At the year end, financial statements along with the auditor’s report are to be filled with register of companies (ROC) within 30 days after completion of annual general meeting.

According to the companies act 2013, only a chartered accountant in practice can be appointed as first auditor of the company. No other persons can be appointed as an auditor of the company.  Appointment of first auditor for a company

Appointment Procedure of first auditor

Section 139(6) of the companies act 2013, deals with the appointment of first auditor of a company that is registered in India. Here are the procedures that the company needs to follow for appointment of the first auditor;

  1. Within 30 days from the date of incorporation, the company needs to convey a board meeting by giving notice to all of its directors. Date of incorporation is the date that is mentioned in the certificate of incorporation.
  1. In addition to other matters the company should also decide to pass a resolution for appointment of first auditor of the company to hold office till the conclusion of the first annual general meeting.
  1. Before the appointment, company needs to obtain a written certificate from the first auditor to the effect that the appointment if made will be in accordance to the limits specified in the companies act 2013.
  1. After the decision of board of directors, the auditor needs to be intimated within 7 days from the date of appointment.

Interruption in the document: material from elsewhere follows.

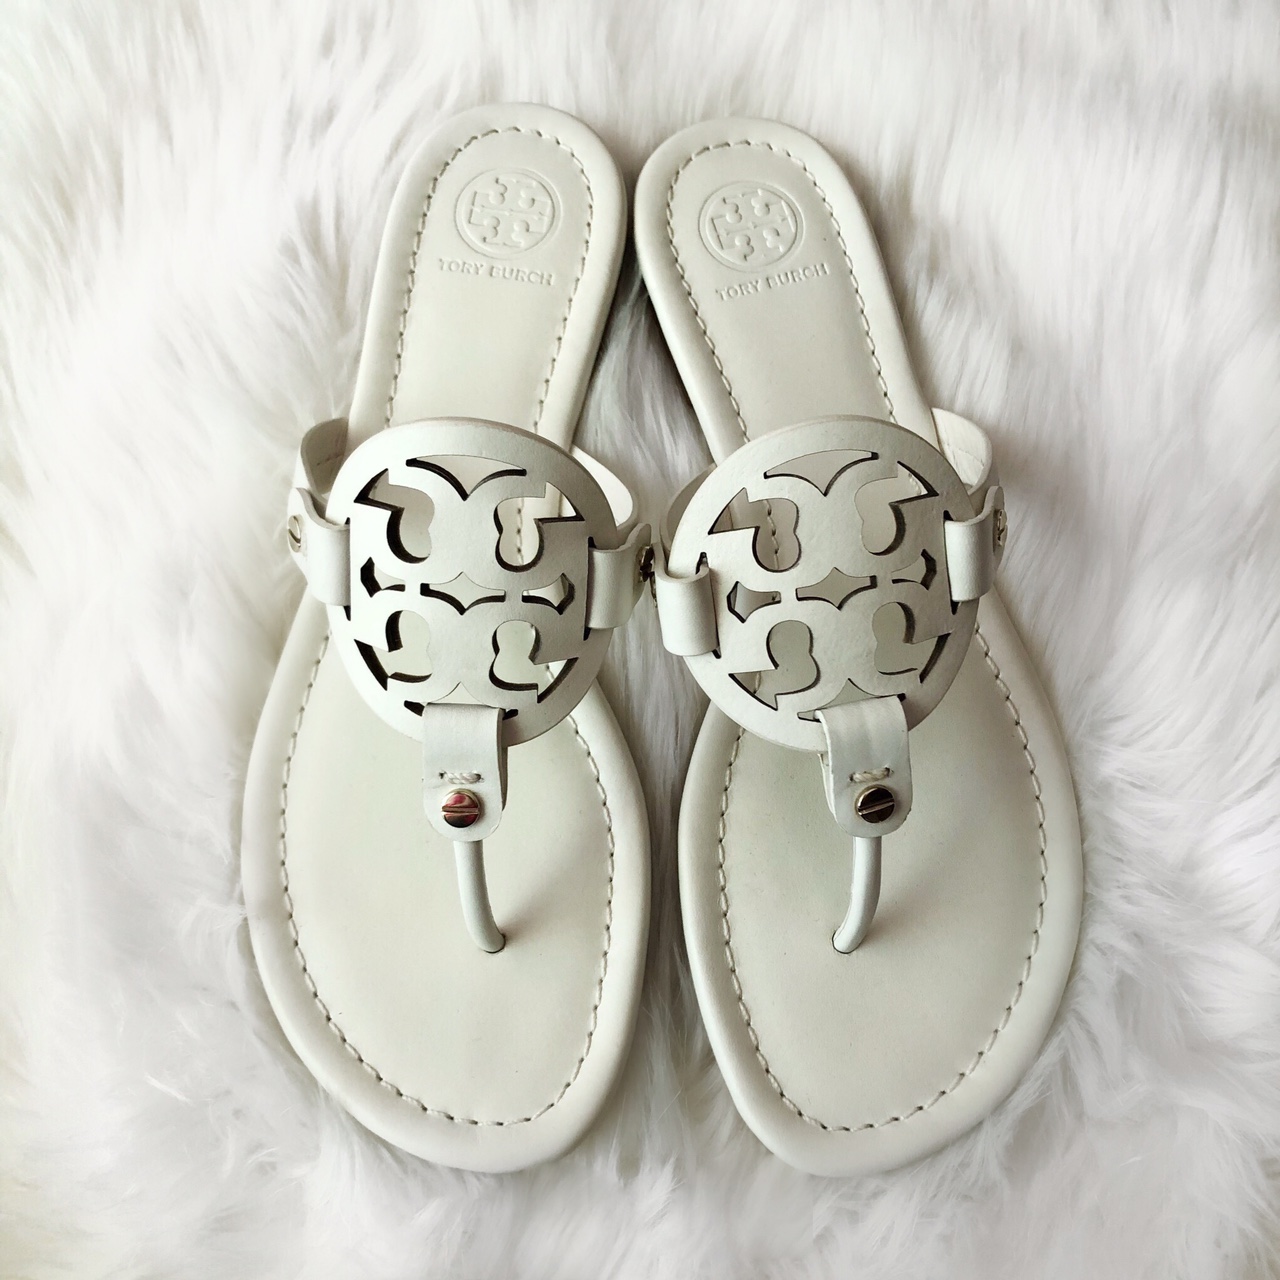 New Tory Burch Promo! | $50 - $100 Off Starts Now - The Double Take Girls  New Tory Burch Promo! | Save $50-$100 Off Your Purchase Now!

While appointing the first auditor, company’s resolution for appointment of first auditor should also contain the chartered accountant firm’s registration number. This has been decided by the council of ICAI at its 292nd meeting held on 13.01.2010.

In case board of directors failed to appoint the first auditor within 30 days of incorporation then the company needs to convey a extraordinary general meeting by issuing notice to all the members in writing. Such members within 90 days from the date of failure to appoint shall appoint the first auditor in extraordinary general meeting.

The first auditor as appointed by the company will hold office till the conclusion of the first annual general meeting.

As per the new companies act 2013, company is required to inform registrar of companies (ROC) in writing that auditor has been appointed by filling form ADT1 within 15 days from the meeting date in which auditor has been appointed.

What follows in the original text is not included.